Evidently, a slight modification from TMS to TMSX, or from TBS to TBSX (X=O or CH₂) could result in a reversed stereoselectivity. In addition, in most cases, higher exo-selectivity is predicted for X=O than for X=CH₂. A recent study by Song et al. reported high exo selectivity in Diels–Alder reactions involving dienes functionalized by a large bis(silyl) group at the C₂ position.⁴⁸ The two bulky silyl groups result in a strong steric hindrance at both the top and the bottom sides of the diene to the EWG group when the dienophile approaches in the endo orientation. On the contrary, our results indicate that, the effect of bis-silyl group substitution may as well be achieved by a single silyl group when a bridging methylene group or oxygen atom is inserted between the C₂ of diene and the Si atom as in TMSX or TBSX, (X=CH₂ or O) for the Diels–Alder reaction with a trans substituted dienophile. In this case, the silyl group is rotated away from the R_β of the dienophile at TS_exo, significantly alleviating the steric repulsion between the [Si] of the diene and the R_β of the dienophile, as shown in Fig. 2.
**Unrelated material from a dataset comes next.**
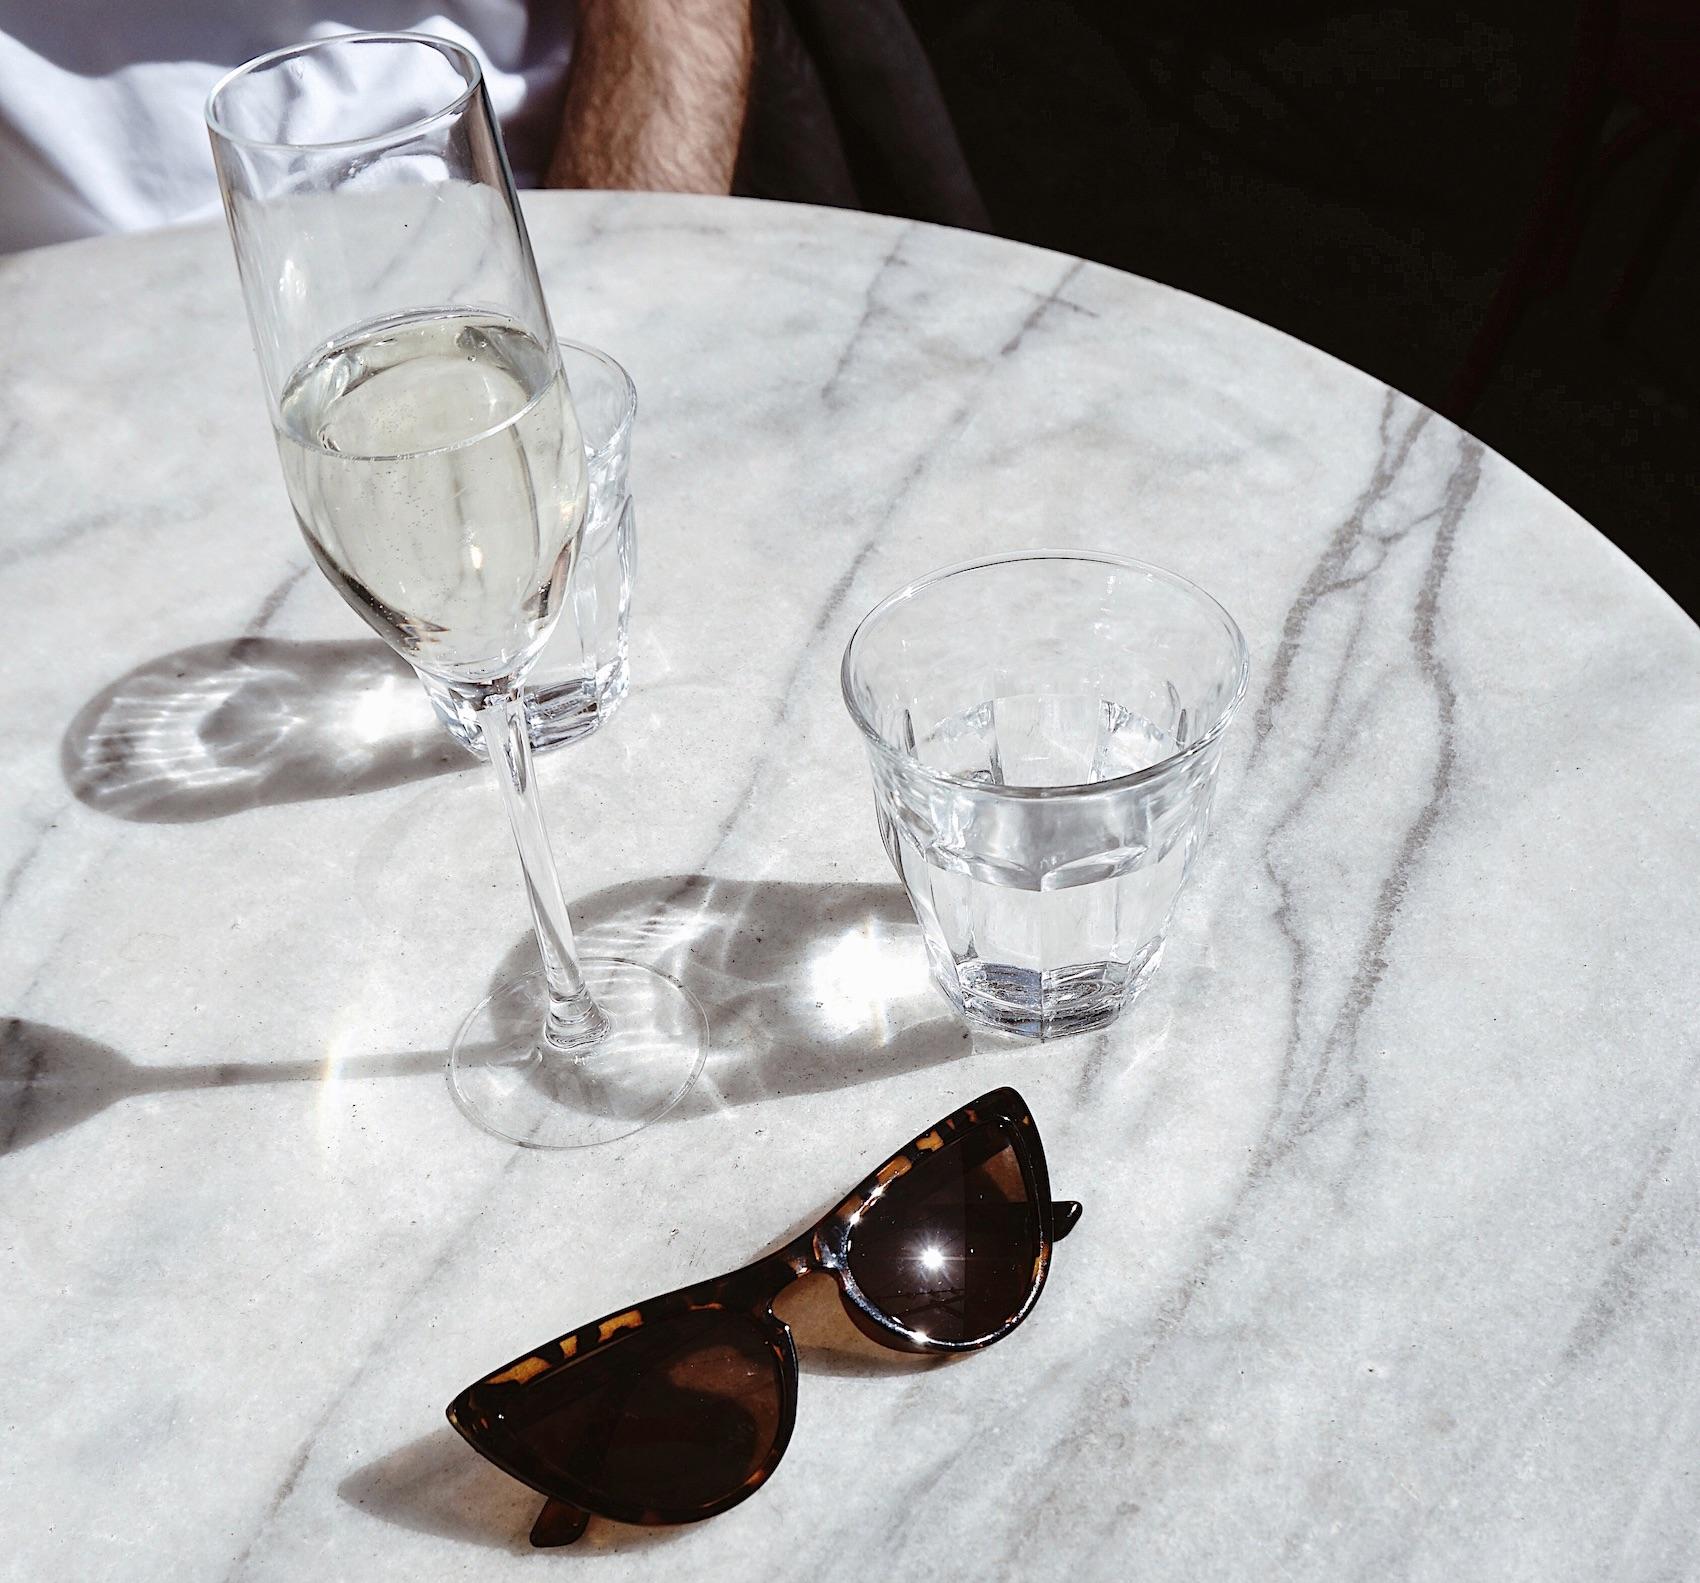 omslagsbild för glas hos designinredning

Fig. 2 Illustration for the geometry and major interactions for exo and endo transition states. X represents the bridging O or CH₂ group inserted between C₂ of diene and the Si atom.

The critical geometric parameters of the transition states are analyzed as shown in Fig. S2.† Between the two newly formed C–C bonds, d_1-β (bond distance between C₁ of diene and C_β of dienophile, ∼1.9–2.0 Å) is significantly longer than d_4-α (bond distance between C₄ of diene and C_α of dienophile, ∼2.7–2.9 Å), indicating the typical concerted asynchronous behavior in most asymmetric Diels–Alder reactions.¹⁵ As the bridging group X is inserted, the bond length difference between the shorter d_1-β and the longer d_4-α further increases, indicating an increased asynchronicity. Also note that the d_4-α is increased much more when X=O than when X=CH₂, which may result from the electrostatic repulsion between the bridging O atom in the TBSO and the EWG.^22,34,38

Many of the previous studies attributed the most destabilizing interaction in the endo pathway to the steric repulsion between the EWG of the dienophile and the C₄-phenyl group of the diene.²² Surprisingly, we find that a much worse exo-selectivity is presented with the most bulky t-butyl group with respect to methyl substitution or even unsubstituted R, as shown in Table 1. As the size of R increases, both the exo and the endo pathways become more sterically destabilized. In the case when R = t-Bu, the distortion energy of the exo pathway even exceeds that of the endo (Fig. 3), possibly due to enhanced steric repulsion between the R_β and the silyloxyl group as the EWG is twisted away along the C₄–C₁-C_β–C_α dihedral angle. In the contrary, a substituent with a small to moderate size, e.g. the methyl group, in combination with a strongly exo-inducting EWGat the dienophile, e.g. the ester group, could allow for an exo/endo ratio as high as 32 (Table 1).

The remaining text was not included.